What the task requires => Beginning at the line containing "Fulgurex, Spur 0" in the material below and ending at the line containing "Anko Australia 100%", return each line exactly and add nothing.

---------- Working data ----------

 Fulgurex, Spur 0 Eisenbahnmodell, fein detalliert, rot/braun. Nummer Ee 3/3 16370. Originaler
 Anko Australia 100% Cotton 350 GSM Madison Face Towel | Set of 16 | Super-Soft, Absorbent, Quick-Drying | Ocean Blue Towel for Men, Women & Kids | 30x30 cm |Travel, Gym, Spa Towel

----------
---------- Working data ----------

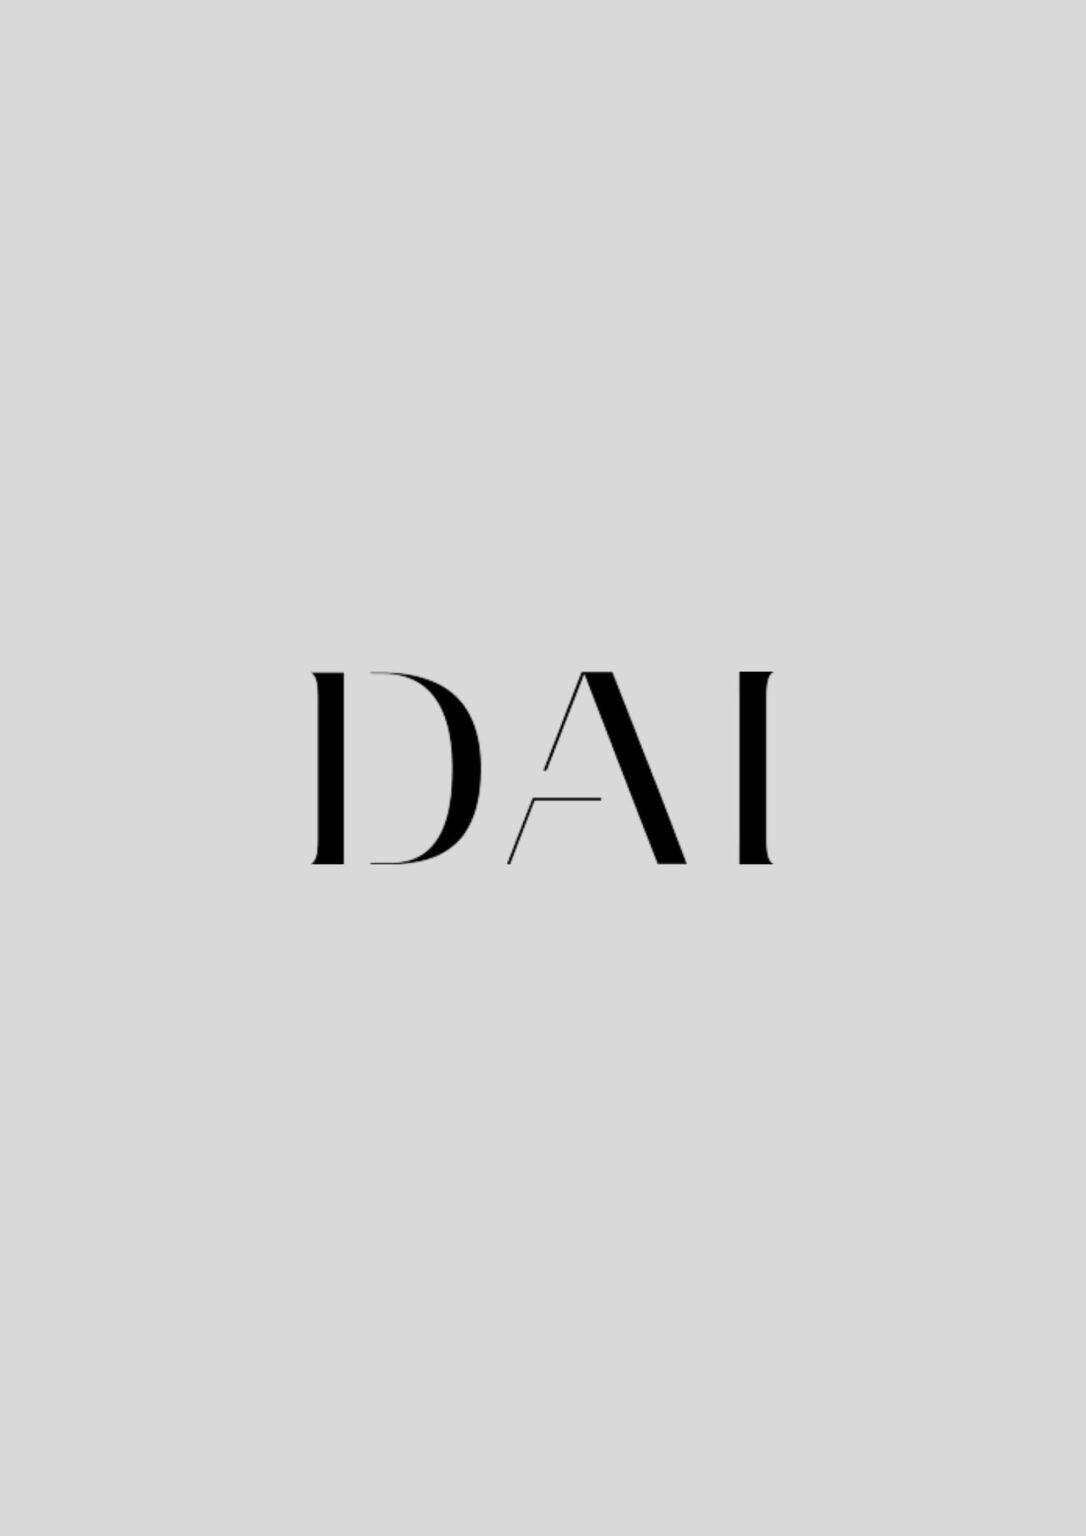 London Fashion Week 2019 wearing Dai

----------
---------- Working data ----------

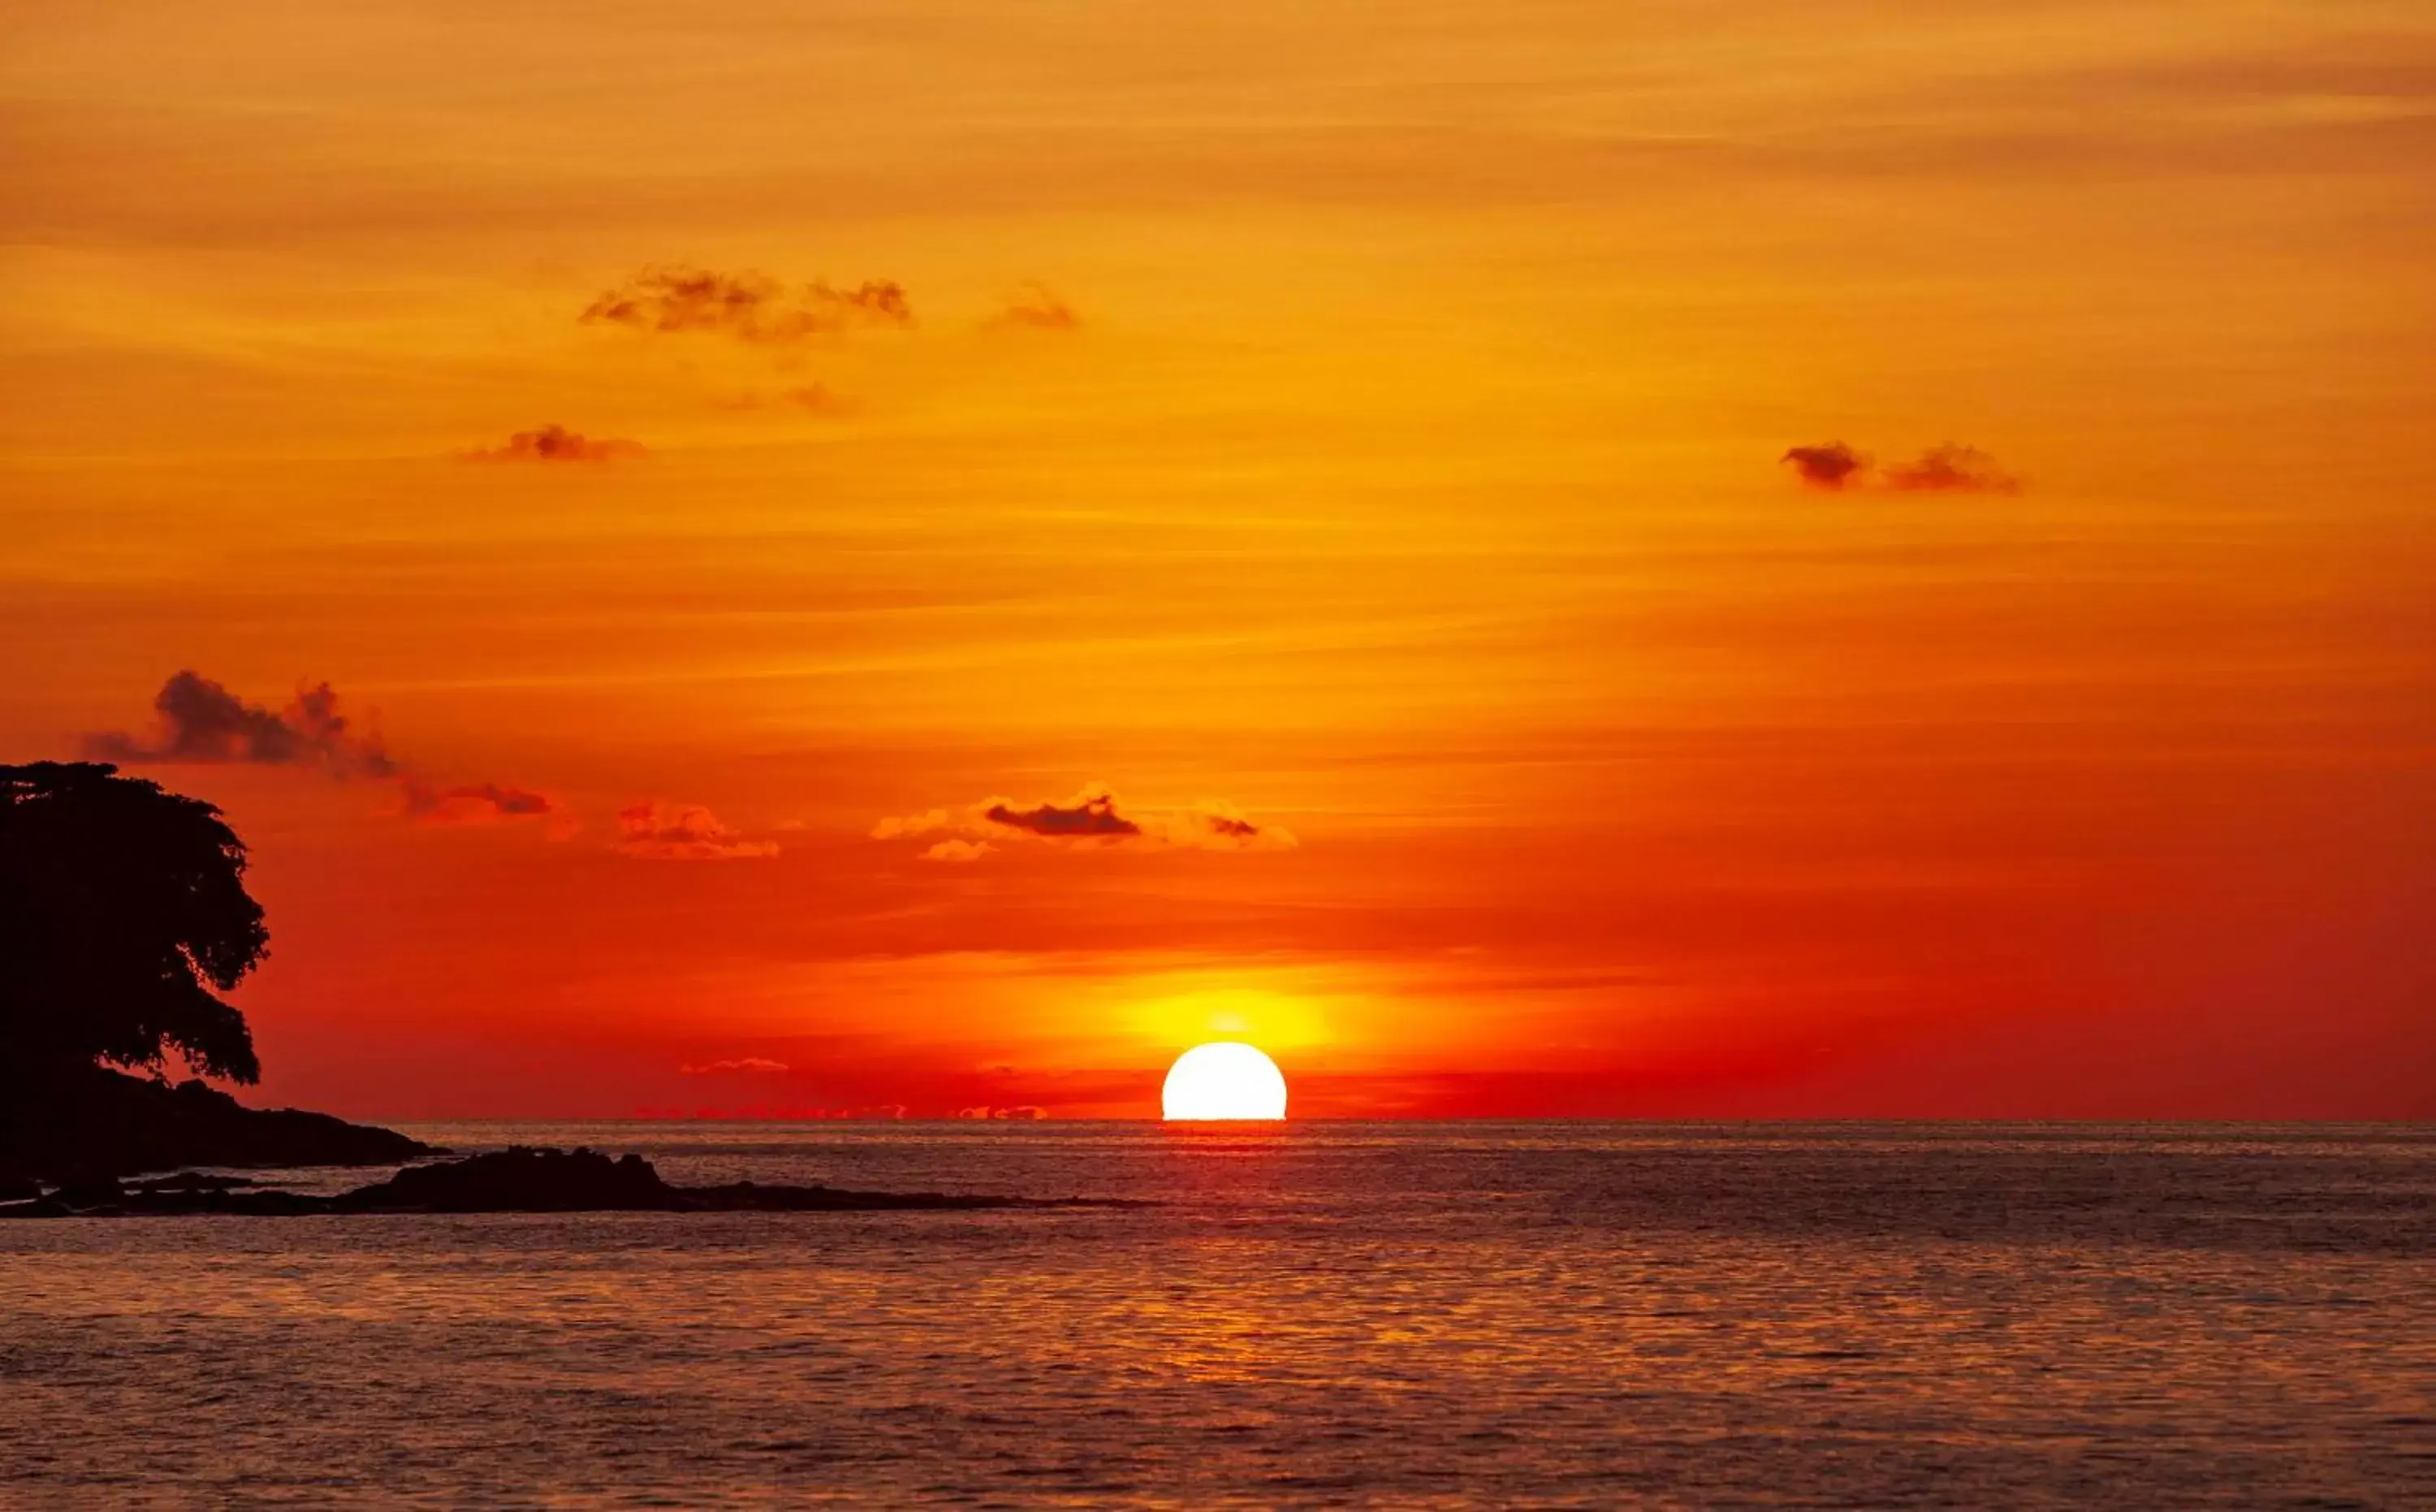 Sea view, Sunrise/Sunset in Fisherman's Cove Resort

----------

Task answer =>
 Fulgurex, Spur 0 Eisenbahnmodell, fein detalliert, rot/braun. Nummer Ee 3/3 16370. Originaler
 Anko Australia 100% Cotton 350 GSM Madison Face Towel | Set of 16 | Super-Soft, Absorbent, Quick-Drying | Ocean Blue Towel for Men, Women & Kids | 30x30 cm |Travel, Gym, Spa Towel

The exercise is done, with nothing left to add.